EXERCISE — When you repeat the entries below, keep each word exactly as it is and drop the pictures.

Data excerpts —
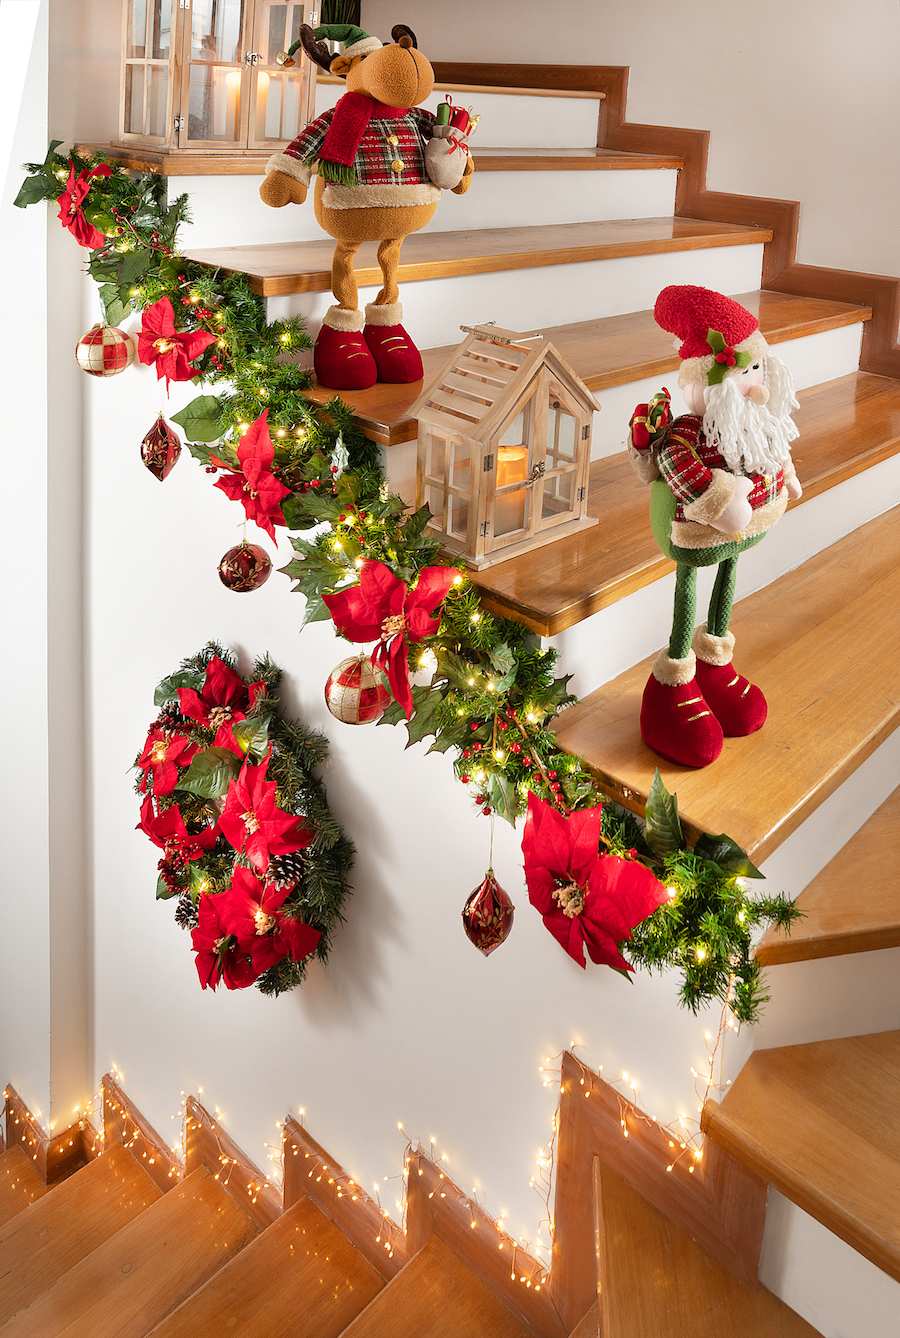 Escalera interior de una casa adornada con luces, guirnaldas y adornos navideños.
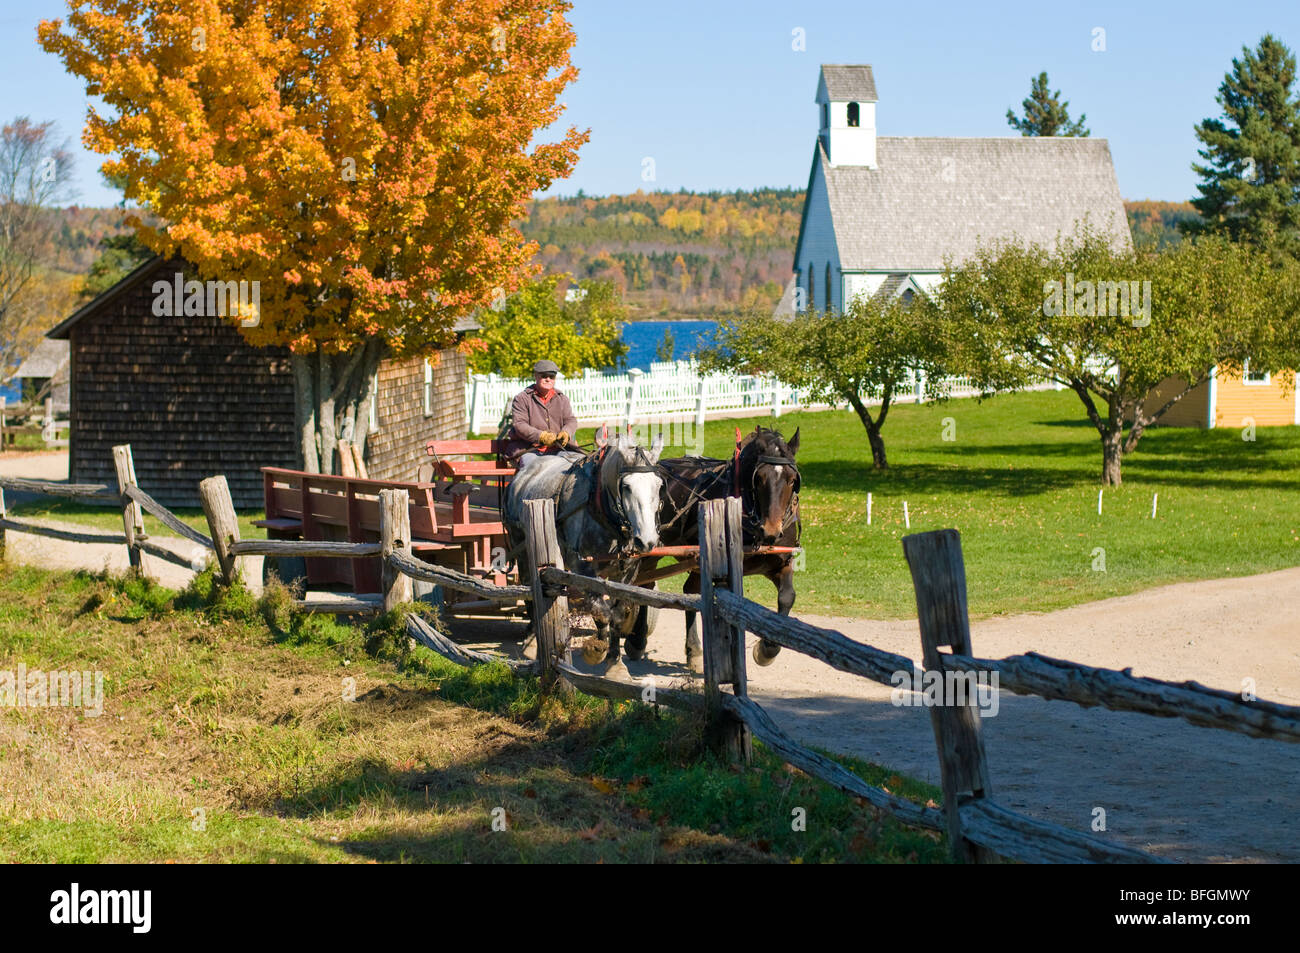 Hombre que conducía los caballos y carruajes, Reyes, asentamiento histórico aterrizaje Fredericton, Nuevo Brunswick Foto de stock
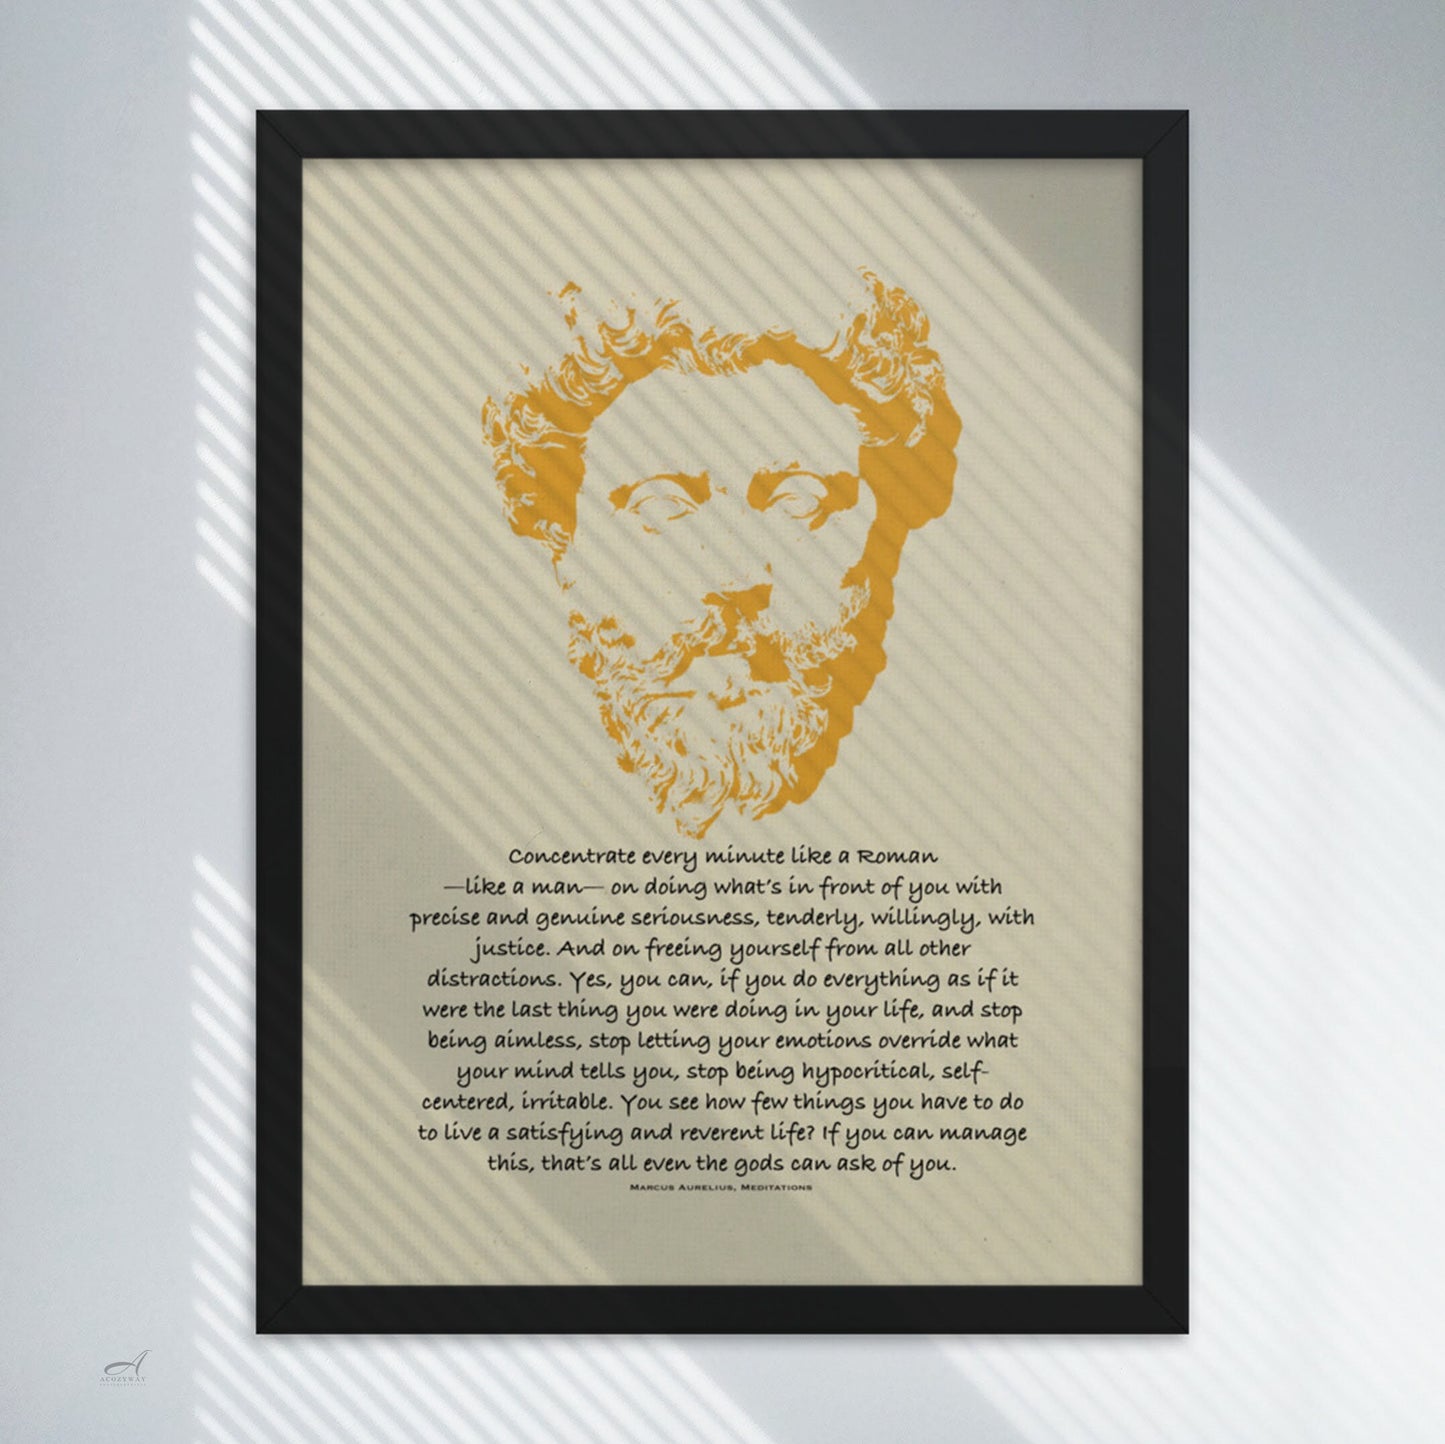 Marcus Aurelius quote Print black on light beige with Marcus Aurelius portrait illustration in yellow color black framed art poster
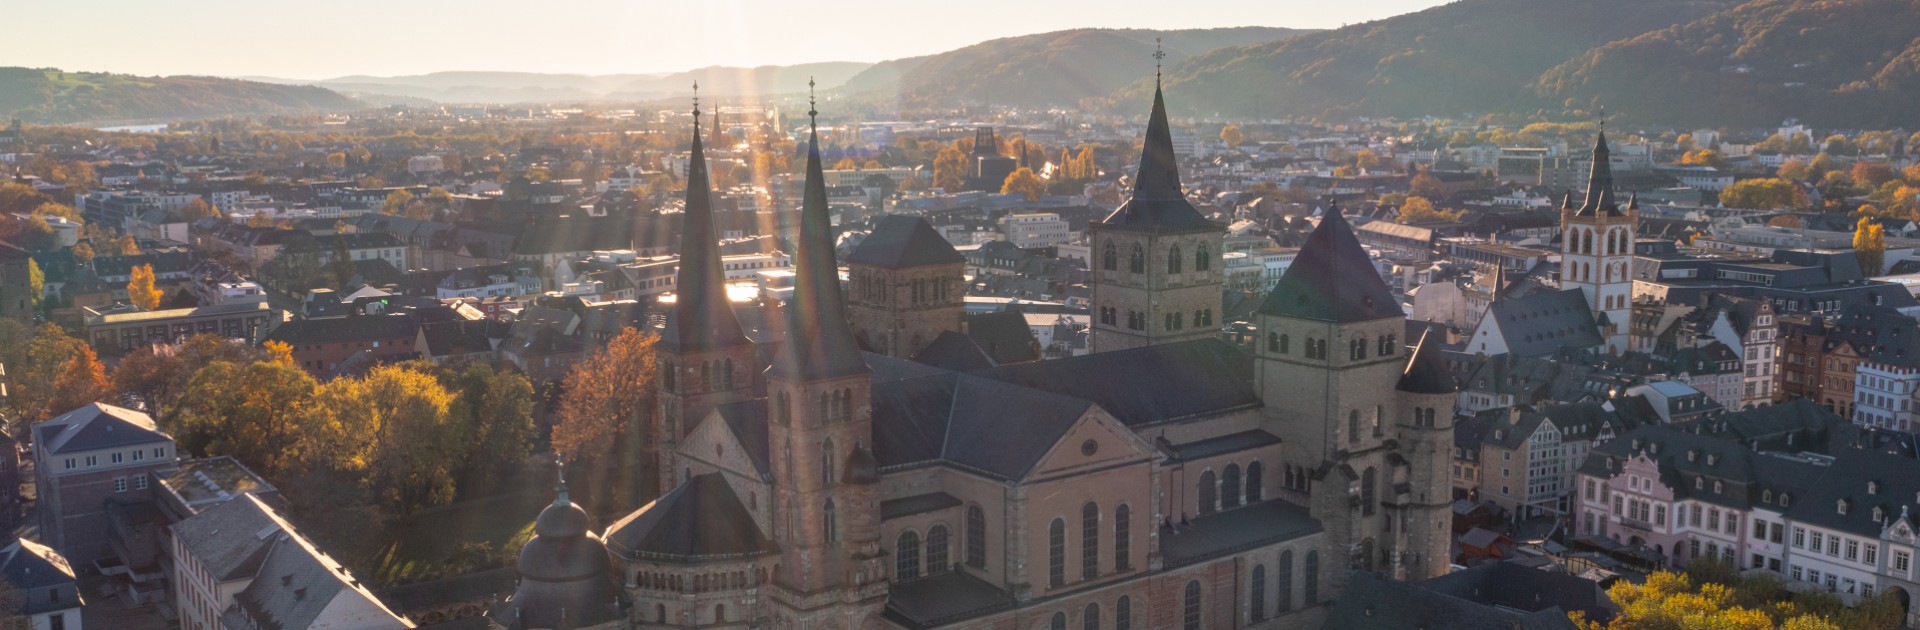 Aerial of Trier City Centre - © Victor Beusch / Trier Tourismus und Marketing GmbH
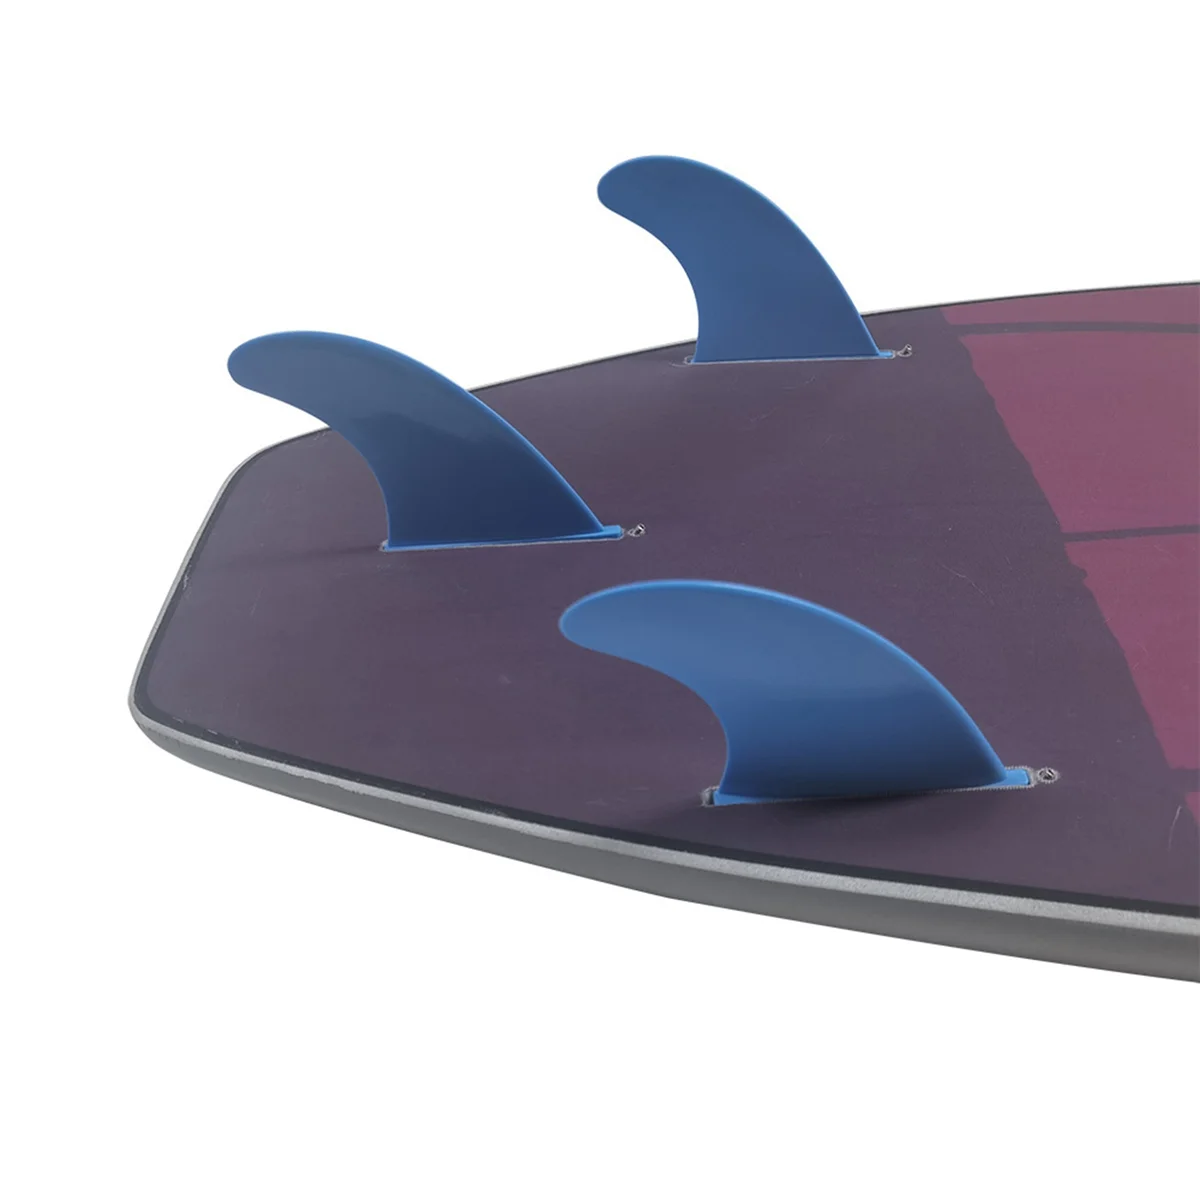 G5 3 шт./компл. Аксессуары для гребного Серфинга Подруливающие устройства для ЛАСТ Surf Single Tab Propulseur Аксессуары для Серфинга

FINISHED TASK —
 Escalera interior de una casa adornada con luces, guirnaldas y adornos navideños.
 Hombre que conducía los caballos y carruajes, Reyes, asentamiento histórico aterrizaje Fredericton, Nuevo Brunswick Foto de stock
 Marcus Aurelius quote Print black on light beige with Marcus Aurelius portrait illustration in yellow color black framed art poster
 Aerial of Trier City Centre - © Victor Beusch / Trier Tourismus und Marketing GmbH
 G5 3 шт./компл. Аксессуары для гребного Серфинга Подруливающие устройства для ЛАСТ Surf Single Tab Propulseur Аксессуары для Серфинга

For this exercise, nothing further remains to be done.